Monna menatapnya dengan takut-takut. Apa yang mau dikatakannya padaku? Apakah tidak bisa menunggu nanti saja?, batinnya cemas.
Sebenarnya hal itu yang ingin Monna katakan. Meminta Belhart untuk berbicara dengannya nanti saja setelah pembicaraan penting keluarga mereka ini berakhir. Tapi melihat aura gelap dan keseriusan yang begitu mendalam yang dipancarkan Putra Mahkota padanya, Cattarina mau tidak mau menurutinya.
"Baiklah, Yang Mulia." Ujar Monna lirih.
Ia mengikuti Belhart berjalan keluar dari area pertemuan dan berhenti di suatu tempat yang sepi. Tanpa adanya orang dan penjagaan. Monna meliriknya dengan takut-takut. Sampai detik ini, Monna belum sepenuhnya bisa menghilangkan rasa takutnya terhadap Belhart.
Pria itu selalu punya aura yang sangat besar untuk membuat semua orang, terutama Monna merasa terintimidasi. Sehingga terkadang, Monna sendiri bingung bagaimana seorang Cattarina yang angkuh bisa begitu menyukainya. Tapi mengingat bahwa sebentar lagi, Monna tidak akan punya hubungan apapun dengannya, Monna memberanikan diri untuk bertanya padanya.
"Apa yang ingin Anda katakan, Yang Mulia?" tanya Monna sopan.
Entah ini sudah ke berapa kalinya. Belhart terus merasa tidak senang dengan cara Cattarina memanggilnya. Tapi ia memilih untuk mengabaikan semua itu, dan bertanya balik dengan dingin.

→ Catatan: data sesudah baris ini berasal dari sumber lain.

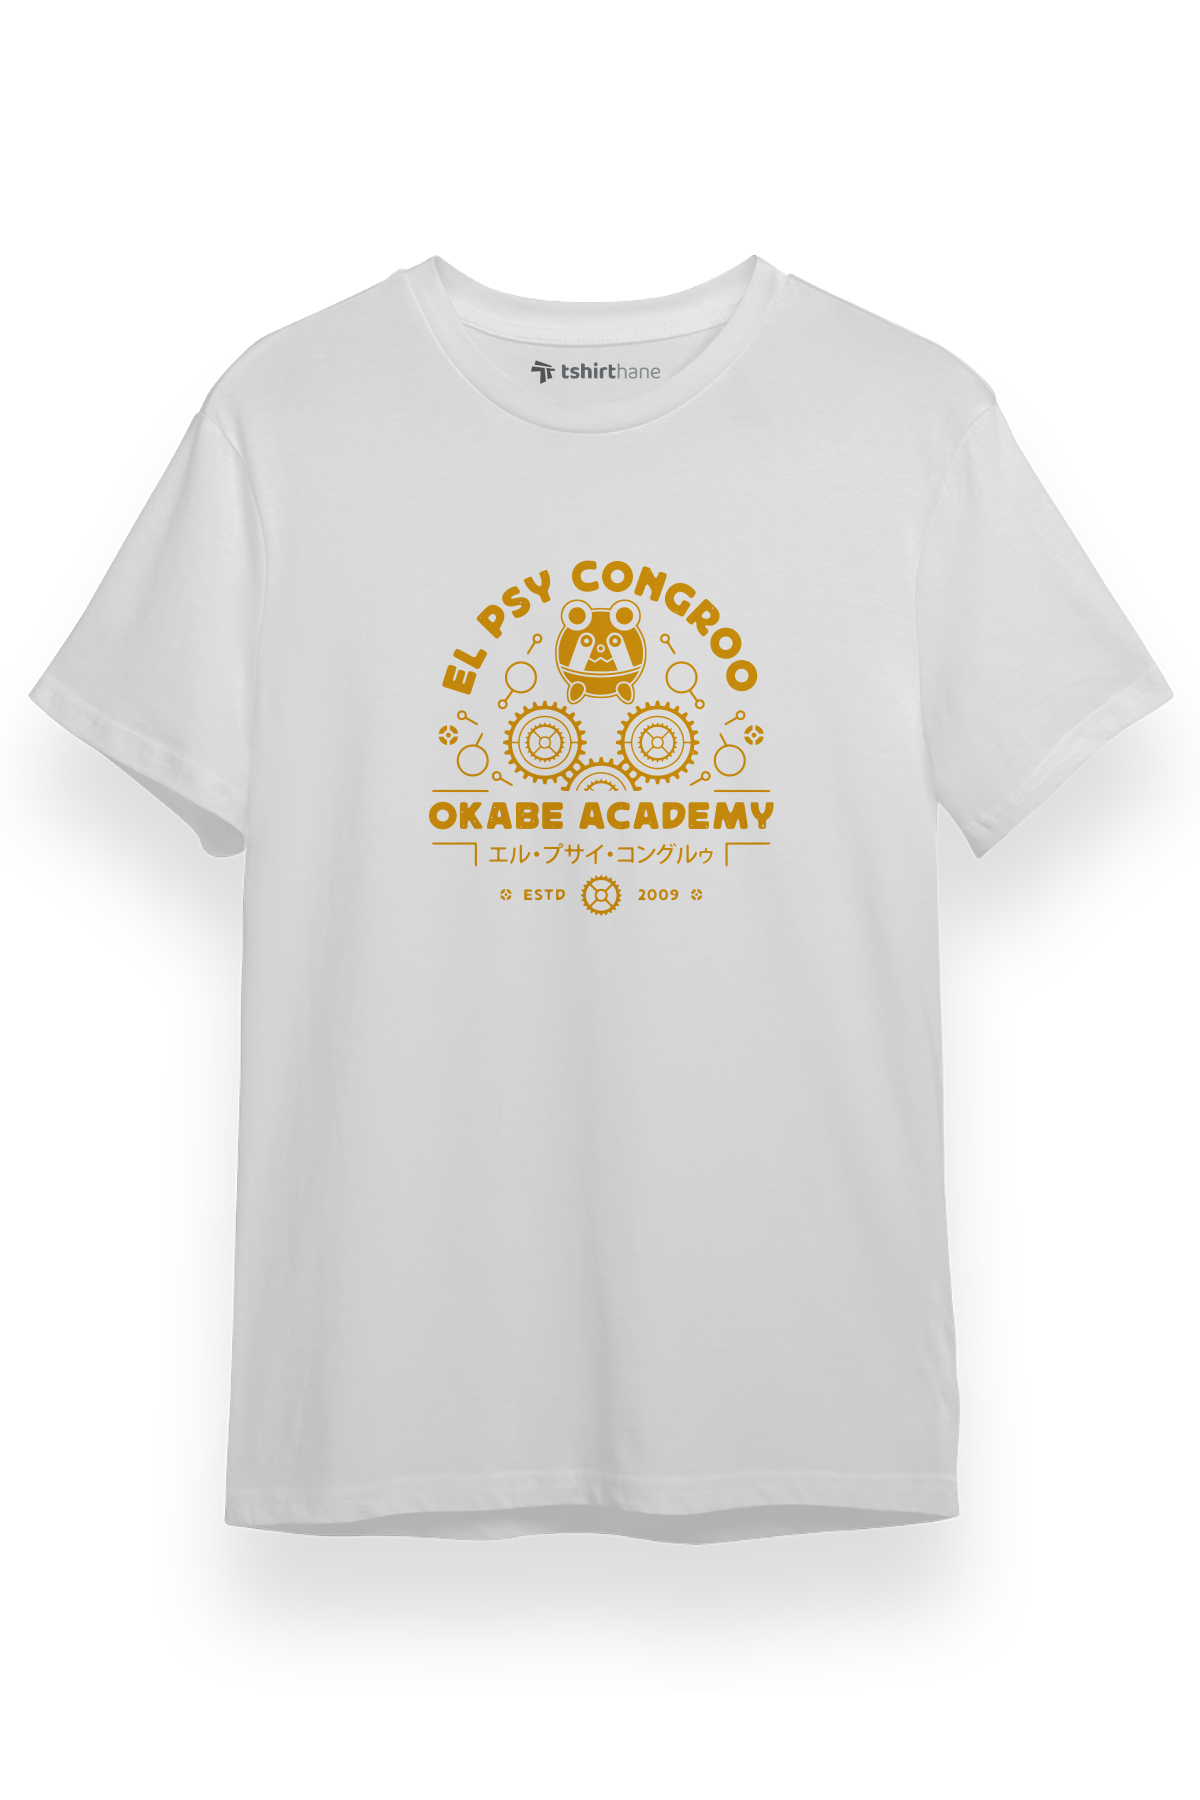 Steins Gate El Psy Congroo Academy Beyaz Kısa kol Erkek Tshirt

"Apa yang akan kau katakan pada Ayahku?" tanya Belhart.
Monna memandangnya dengan tidak senang. Jadi karena ini dia mengajak Cattarina keluar? Karena ingin tahu apa yang akan dikatakan Cattarina pada Ayahnya? Bukankah itu sudah sangat jelas?
"Anda tidak perlu memanggil Saya, hanya untuk bertanya seperti itu. Tentu saja Saya akan mengatakan.." belum selesai Monna menyelesaikan ucapannya, sepasang mata gelap sudah menusuknya dengan tajam.

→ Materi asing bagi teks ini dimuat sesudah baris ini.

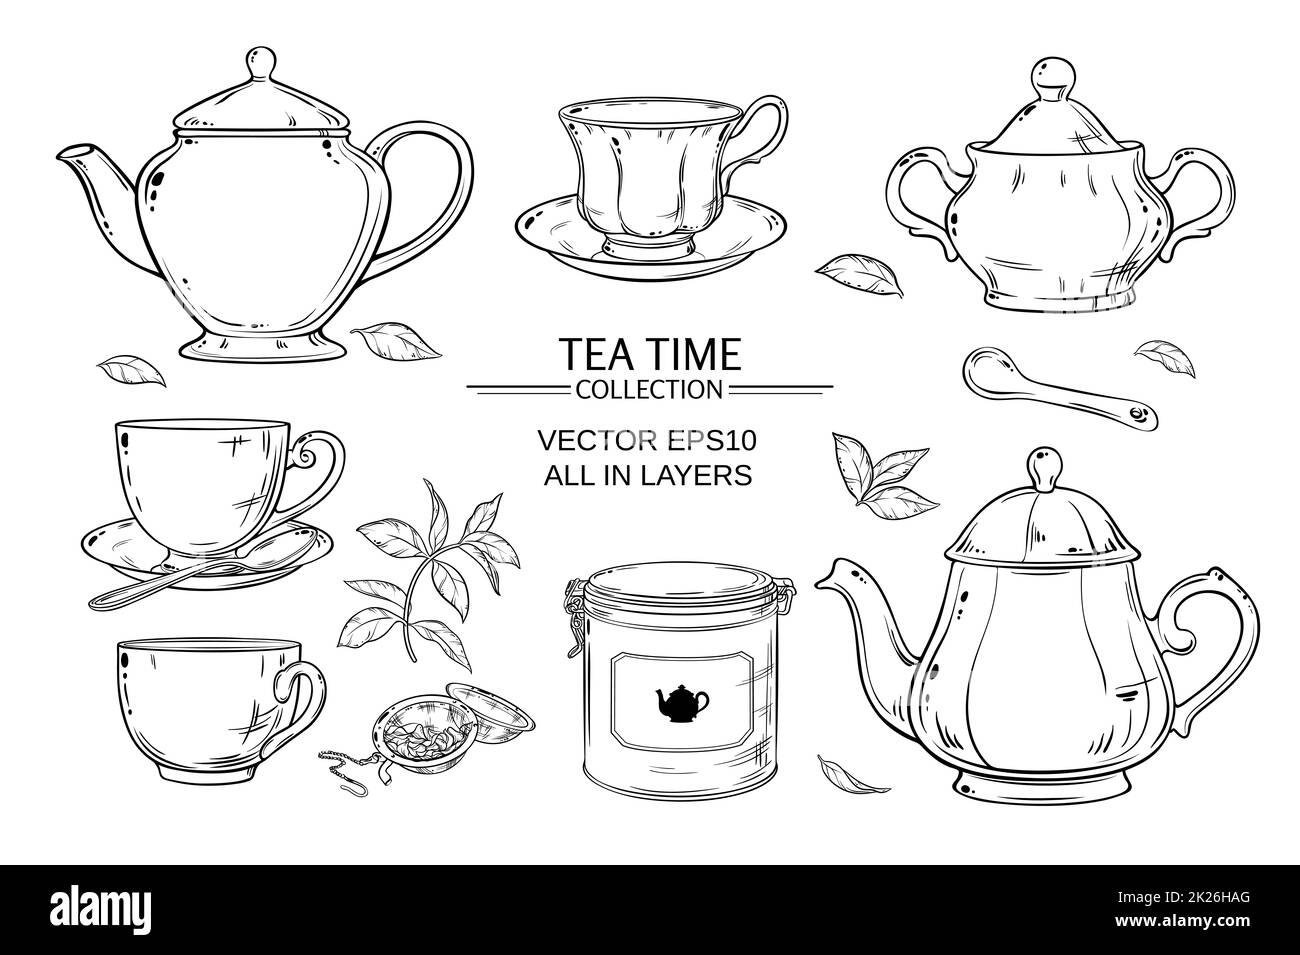 tea set on white background Stock Photo

Entah karena alasan apa, Monna secara otomatis menghentikan ucapannya.
Belhart lantas berujar, "Apapun keputusanmu, urungkan niatmu itu."
"Apa?" Monna menatapnya bingung.
"Kau tidak bisa melakukannya," tambah Belhart.
"Kenapa?" tanya Monna.
"Karena aku yakin, kau tidak akan sanggup menanggung resikonya nanti," jawab Belhart tidak jelas.
"Apa?" Apa yang sebenarnya ingin dikatakan Putra Mahkota? Apa dia sedang mengancamnya?
"Tindakanmu akan membuat Ayahmu semakin dicurigai," ujar Belhart lagi yang langsung membuat Monna terkejut.
"Apa maksud Anda?" tanya Cattarina tak mengerti tapi menatapnya cukup serius.
Ayahnya dicurigai? Karena apa?
"Ada muncul beberapa spekulasi di kementerian tentang ayahmu yang dikabarkan telah membangun suatu pergerakan untuk melakukan pembelotan terhadap negara. Dia dicurigai sudah mengumpulkan orang untuk menjalankan misinya itu," terang Belhart datar.
Monna langsung terkejut bukan main.
"Itu jelas tidak benar! Kenapa mereka bisa berspekulasi seperti itu? Itu jelas tidak mungkin! Ayahku adalah orang yang paling setia pada negara! Semua berita itu adalah bohong!" sanggah Cattarina berulang kali dengan tidak percaya.
Ia benar-benar marah!
Bukankah semua orang tahu bagaimana selama ini ayahnya telah bekerja dengan sangat giat dan tekun pada Kekaisaran tanpa mengenal adanya waktu dan kesenangannya sendiri? Lantas, darimana semua spekulasi bodoh itu berasal?